Testes com um dispositivo que auxilia tetraplégicos crônicos apresentam resultados positivos e com perspectivas de avanço. Os tetraplégicos são aqueles que perderam a mobilidade do pescoço para baixo e, com a nova tecnologia, há uma gradual recuperação de movimentos de braços e mãos. Os primeiros resultados mostram que 76% dos pacientes conseguiram movimentar parcialmente braços e mãos, graças ao tratamento com eletrodos. No caso daqueles que têm lesões menos radicais, as respostas foram ainda melhores.

O estudo foi recentemente publicado na revista científica Nature Medicine, detalhando os testes da terapia denominada ARC Ex. Nessa etapa, participaram 60 voluntários, de 22 a 75 anos, que sofreram lesão medular cervical traumática e não progressiva. Segundo os resultados, os impactos do tratamento apresentam efeito de três a seis meses após a terapia ARC Ex, mesmo após sua interrupção.

Chet Moritz, líder do estudo e pesquisador chefe dos Departamentos de Medicina de Reabilitação, Engenharia Elétrica e de Computação, Fisiologia e Biofísica e Centro de Neurotecnologia, da Universidade de Washington, afirmou, em coletiva de imprensa, que a tecnologia é uma verdadeira revolução. "(Porque) pode mudar a vida de alguns pacientes afetados por uma lesão na medula espinhal", disse. 

Parceria

A Universidade de Washington se uniu à tecnologia utilizada na terapia ARC Ex, promovida pela startup Onward, da EPFL. Nela, há o posicionamento de dois eletrodos sobre a pele dos pacientes tetraplégicos, um acima e o outro abaixo de onde sua medula espinhal foi danificada por um acidente. A partir daí, são direcionados estímulos elétricos para modular a atividade da medula espinhal cervical.
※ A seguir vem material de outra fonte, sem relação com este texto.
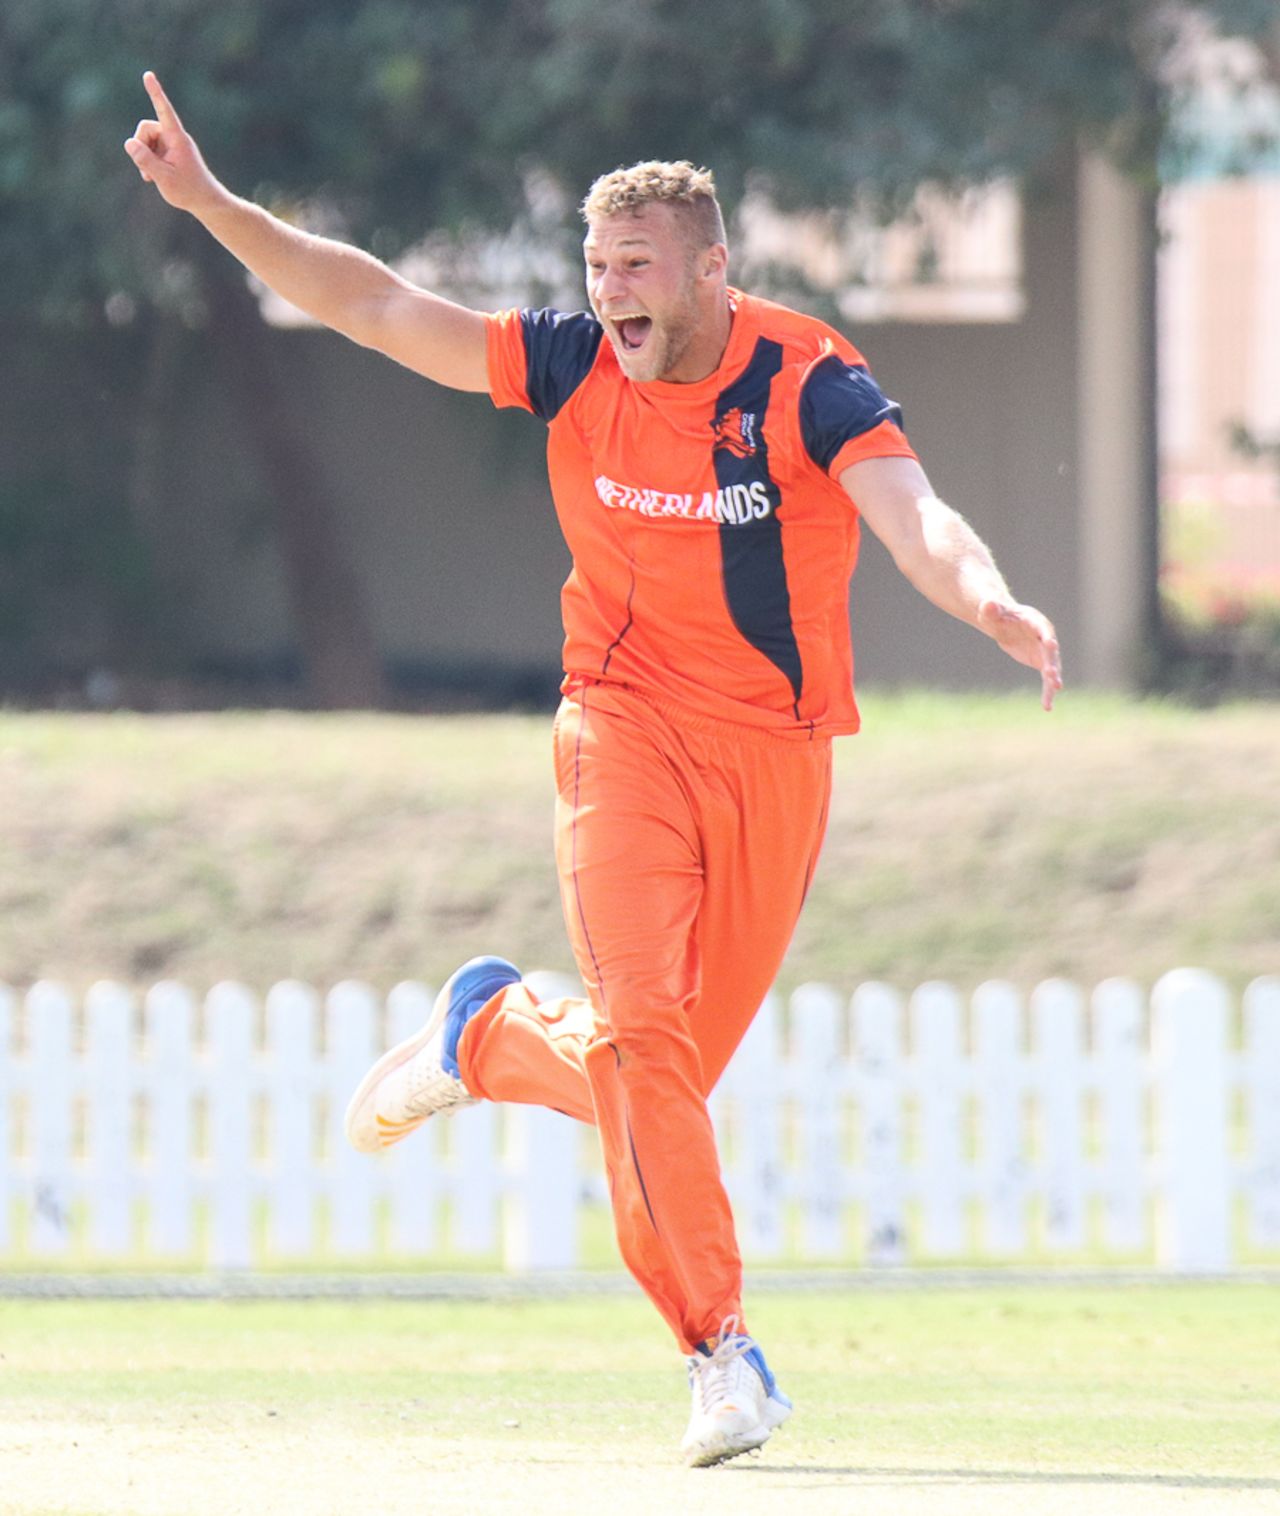 Vivian Kingma belts out a successful lbw appeal to complete a hat-trick, Namibia v Netherlands, 2015-17 WCL Championship, Dubai, December 8, 2017

"O estudo foi realizado com pessoas que tiveram lesão medular incompleta (LMI) na altura do pescoço, ou seja, a maioria das pessoas que participou dos experimentos consegue realizar movimentos básicos com as mãos, movimento de pinça que usamos para pegar um lápis, por exemplo", explica Adriano Almeida Gonçalves Siqueira, professor associado ao Departamento de Engenharia Mecânica da Escola de Engenharia de São Carlos, da Universidade de São Paulo (USP). 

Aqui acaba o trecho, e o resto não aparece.